Recent publications suggested that performing in vitro hepatic uptake studies in the presence of protein could improve the prediction of transporter-mediated hepatic clearance (Bowman et al., 2019; Kim et al., 2019). In our current study, the impact of addition of serum protein in the uptake assay on the improvement of IVIVE was further investigated in PBPK modeling. The in vivo intrinsic CL fitted parameters were estimated by human or monkey PBPK models reported previously (Jones et al., 2012; Morse et al., 2015, 2017), except for pitavastatin. The IVIVE of pitavastatin in monkey and human was performed by a curve fit of plasma PK using in-house PBPK model adapted from previously published models (Jones et al., 2012; Morse et al., 2017) (Fig. 3). As shown in Table 2, the SFs for CLu,int,passive ranged from 0.1 to 7.7 with the median of 0.8 in human or the median of 0.9 in monkey when using the scaled in vitro parameters obtained from the incubation without serum protein, whereas the SFs ranged from 0.1 to 10.3 with the median of 0.5 in human or the median of 0.6 in monkey when applying the in vitro parameters from the incubation with 10% serum.

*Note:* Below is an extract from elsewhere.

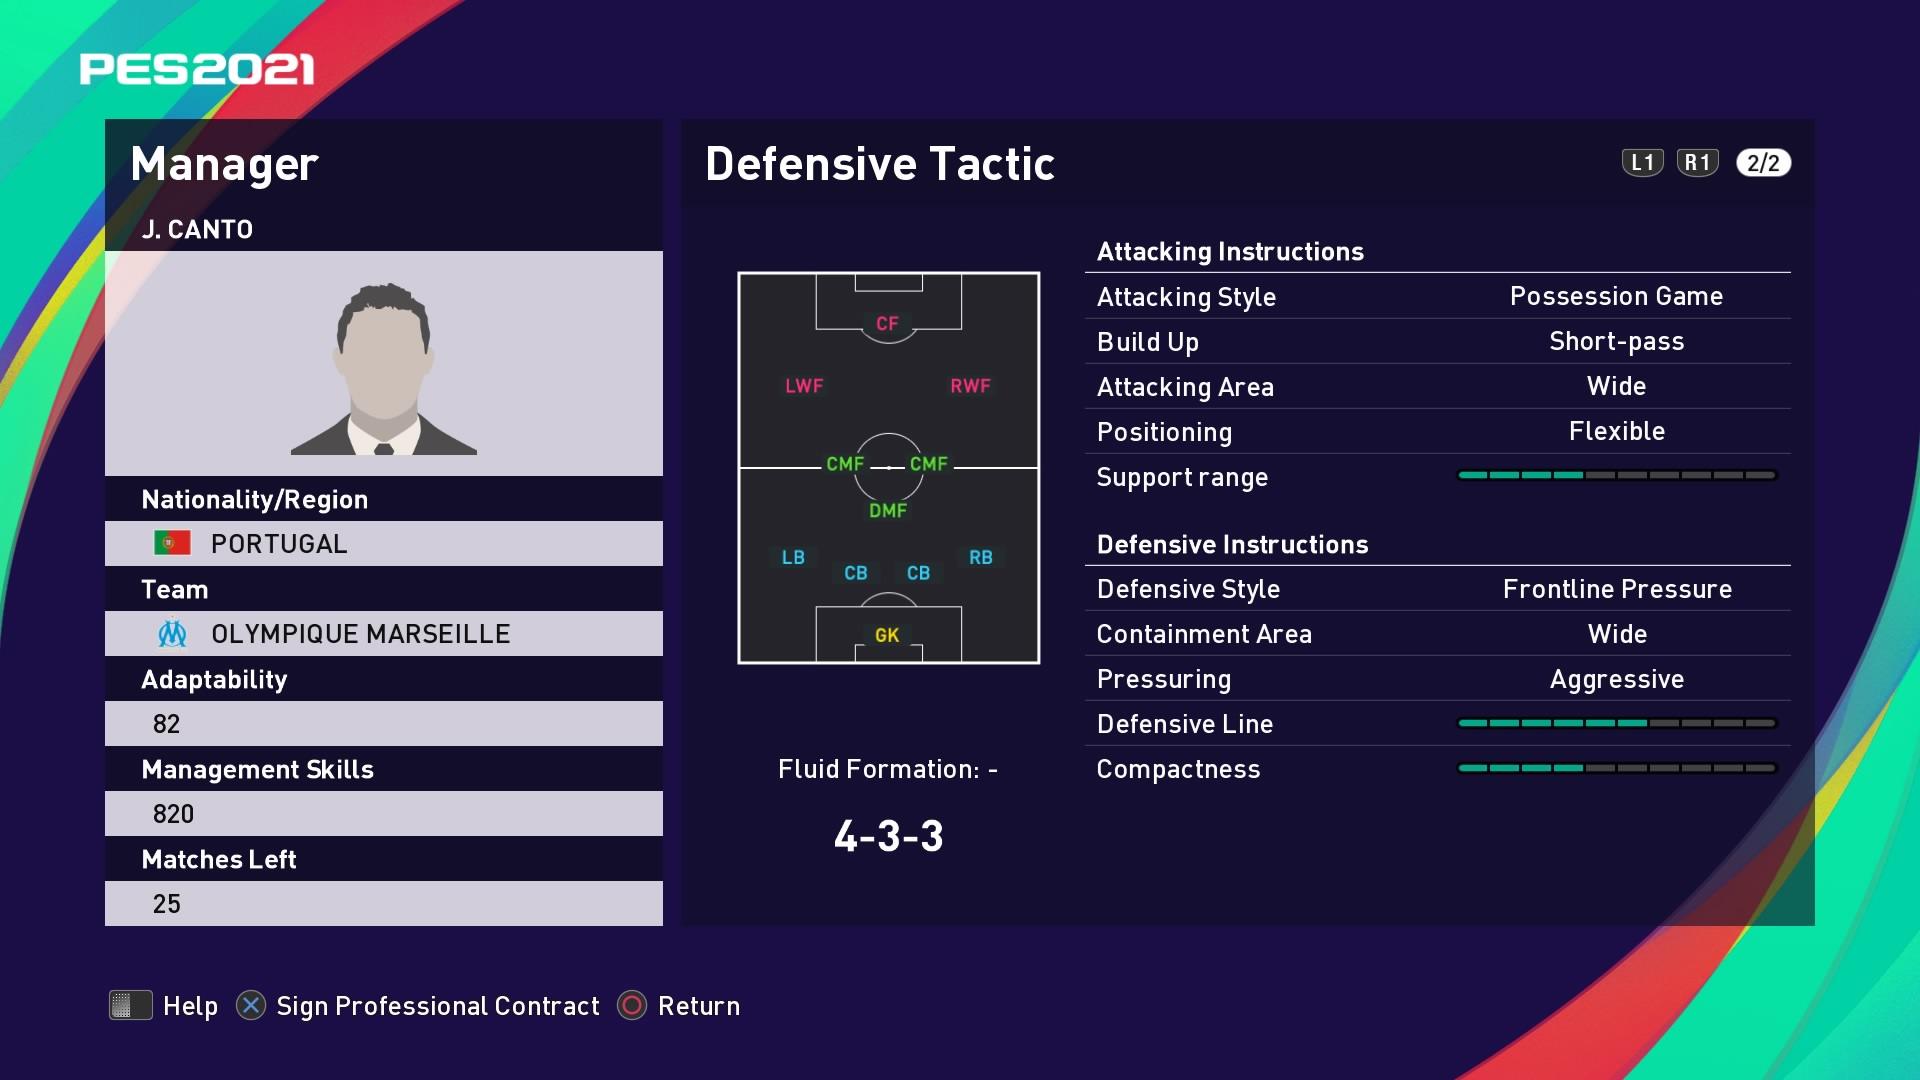 J. Canto (André Villas-Boas) Defensive Tactic in PES 2021 myClub

On the other hand, the SFs for CLu,int,active ranged from 7.3 to 106 with the median of 24.2 in human or 22.7 in monkey when in vitro parameters were acquired from the incubation in serum free buffer. As expected, the SFs for CLu,int,active ranged from 2.3 to 23.7 with the median of 4.6 in human or 7.1 in monkey when the model incorporated the scaled in vitro parameters obtained from the incubation in buffer containing 10% serum. The results indicated that the empirical SFs were significantly larger when using in vitro parameters obtained in the serum free buffer, as compared with the parameters obtained from the incubation with serum protein added.

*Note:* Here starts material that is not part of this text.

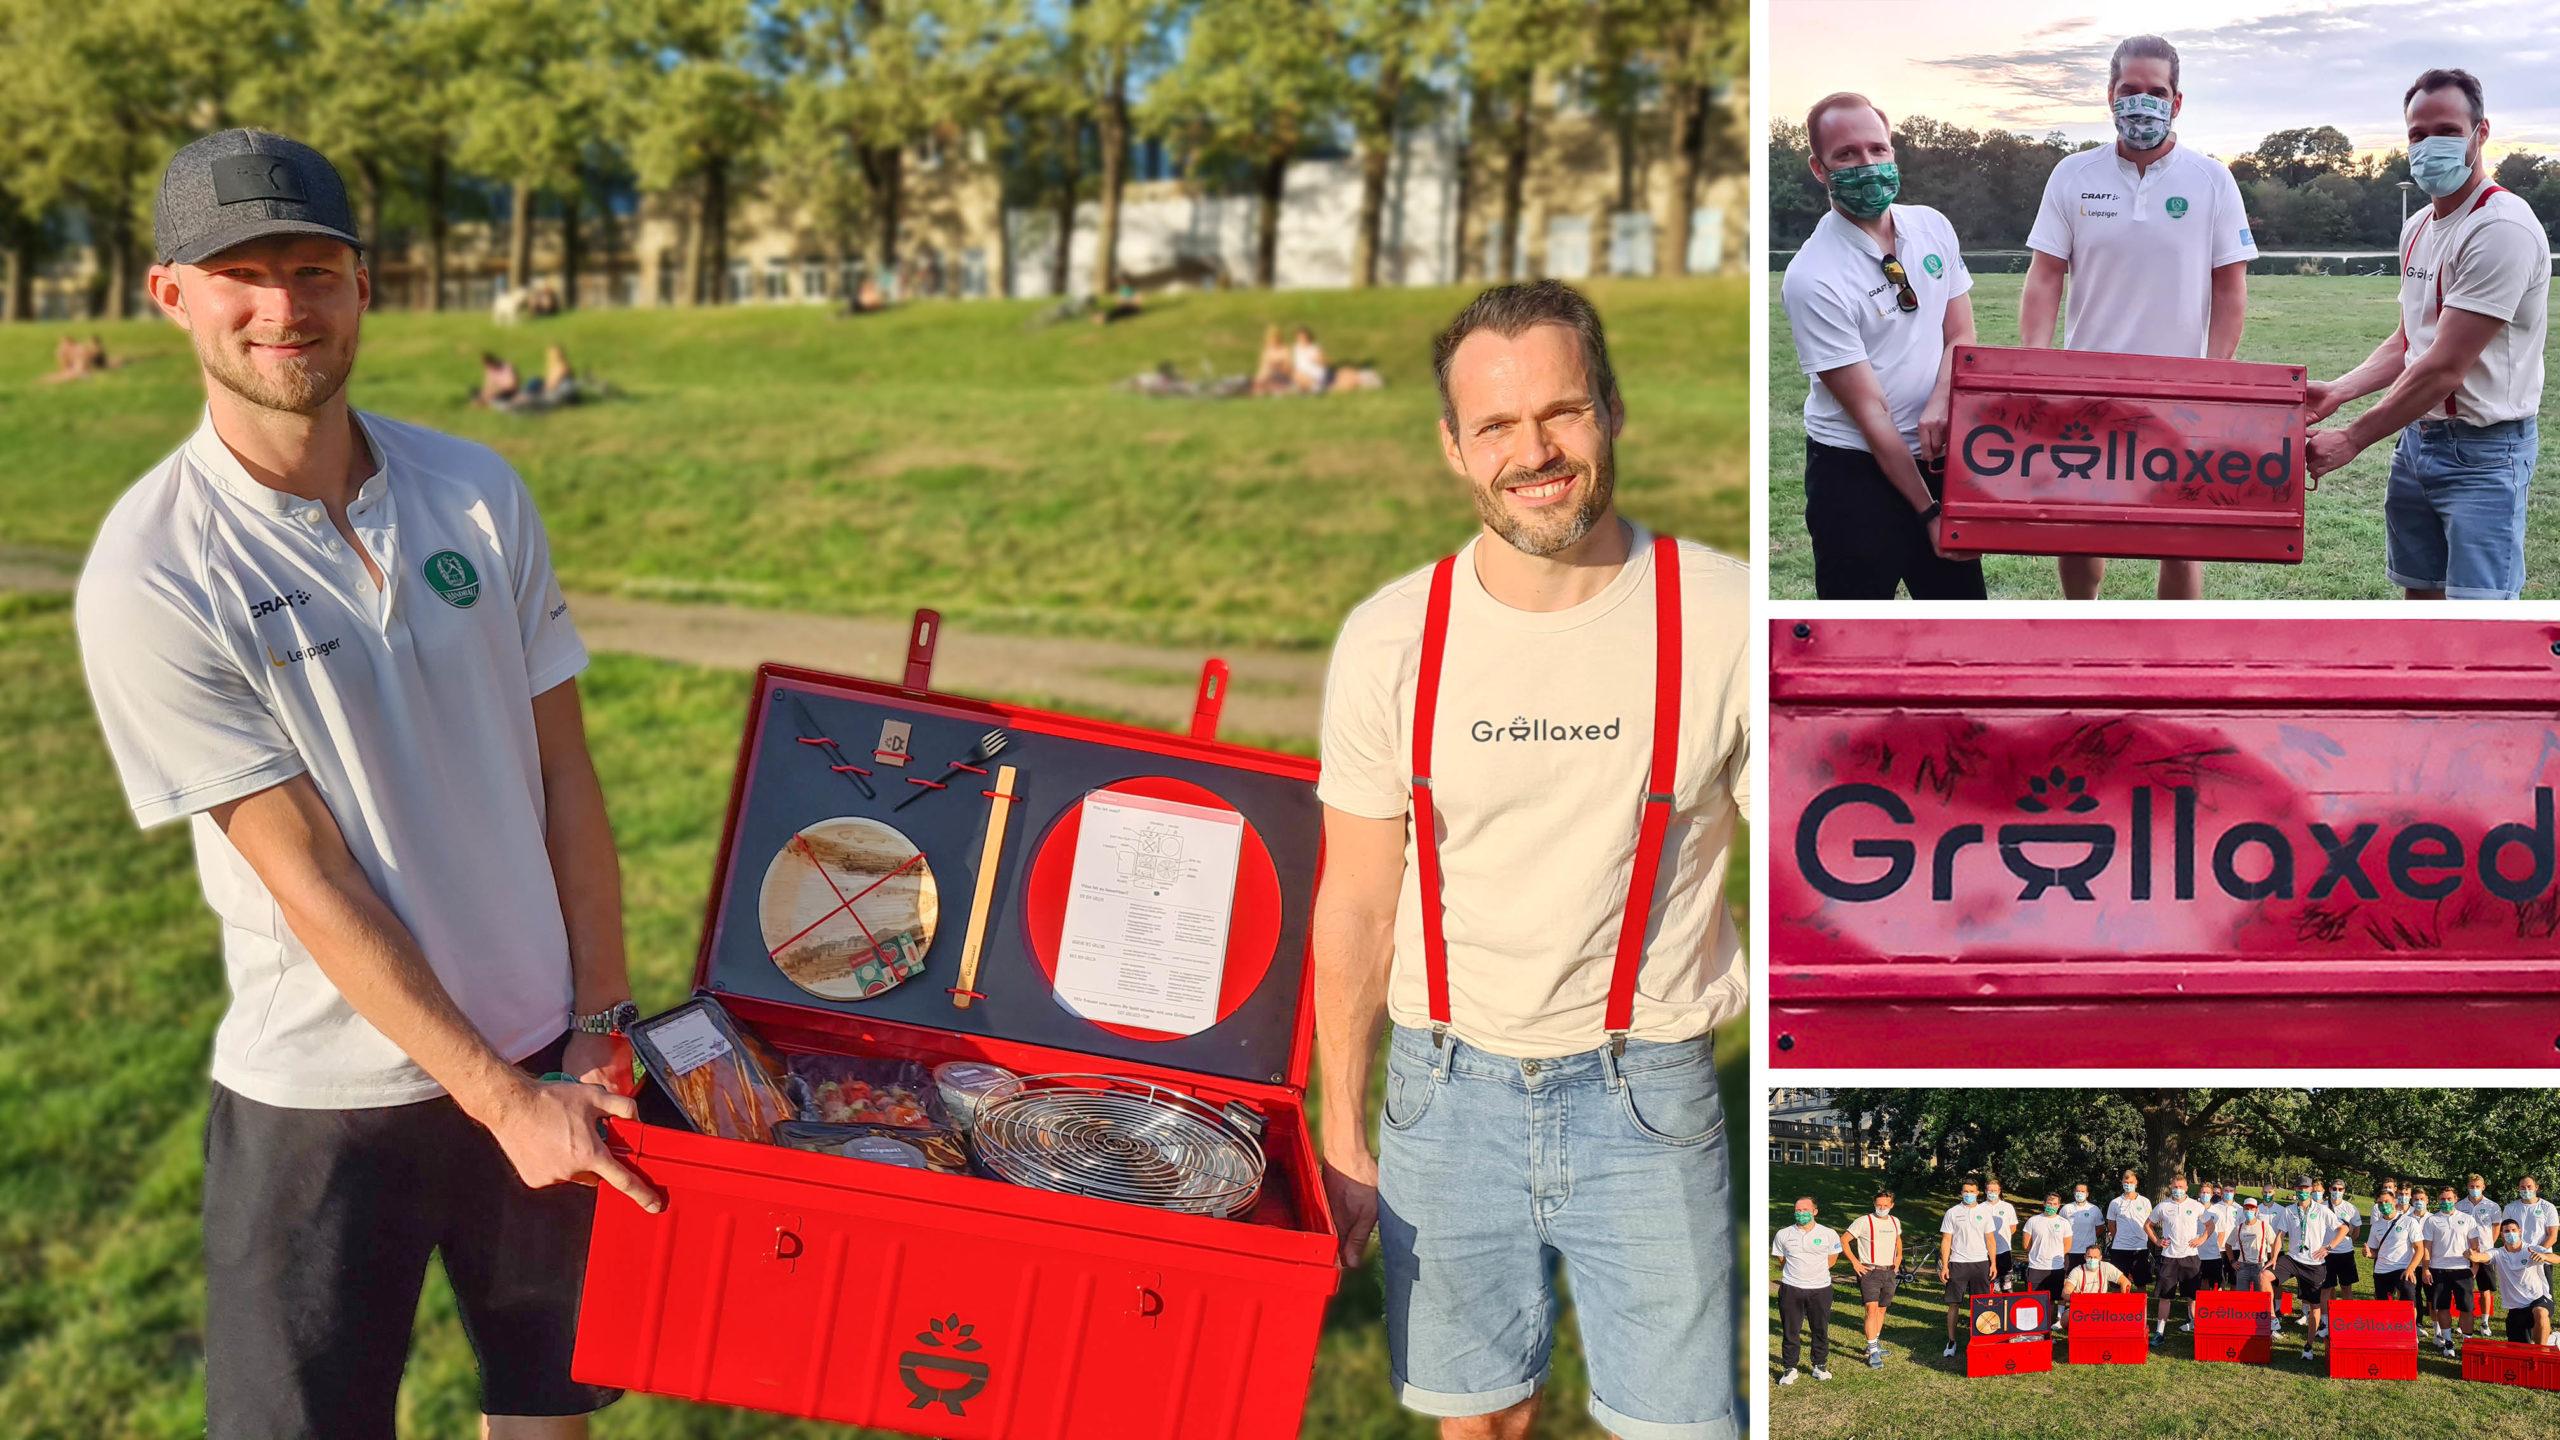 GRILLAXED startet Crowdfunding und unterstützt den DHfK-Nachwuchs!

Curve fitting of pitavastatin intravenous plasma PK in monkey (A) and human (B) using a PBPK model. The open circle represents in vivo observed data (obs), and the dotted line represents the simulation PK curve. The in vivo monkey plasma data were from in-house PK study, and human plasma data were digitalized (GetData Graph Digitizer version 2.26.0) from previously published New Drug Application (NDA022363).
The in vitro to in vivo scaling factors estimated for literature compounds
Differences of Hepatic Uptake Clearance in Human and Monkey Hepatocytes for Known OATP Substrates.
To assess the species differences and donor variability in transporter-mediated uptake in hepatocytes between human and cynomolgus monkey, hepatic uptake assays were conducted in two additional donors for each species. The in vitro uptake assays were performed in the buffer with 10% respective human and monkey serum. The values of in vitro hepatic uptake clearance were then adjusted by the fraction of unbound in 10% serum buffer. The values of CLu,int,uptake, CLu,int,active, and CLu,int,passive for each donor in human and monkey hepatocytes are summarized in the Table 3. In general, the values of uptake clearances obtained from different lots were with 2-fold range, and the values of CLu,int,passive between human and monkey hepatocytes were comparable (two-tailed P = 0.4 in Wilcoxon paired nonparametric test). One the other side, the CLu,int,active in monkey hepatocytes were about 2-fold higher than in human hepatocytes (two-tailed P = 0.0001 in Wilcoxon paired nonparametric test).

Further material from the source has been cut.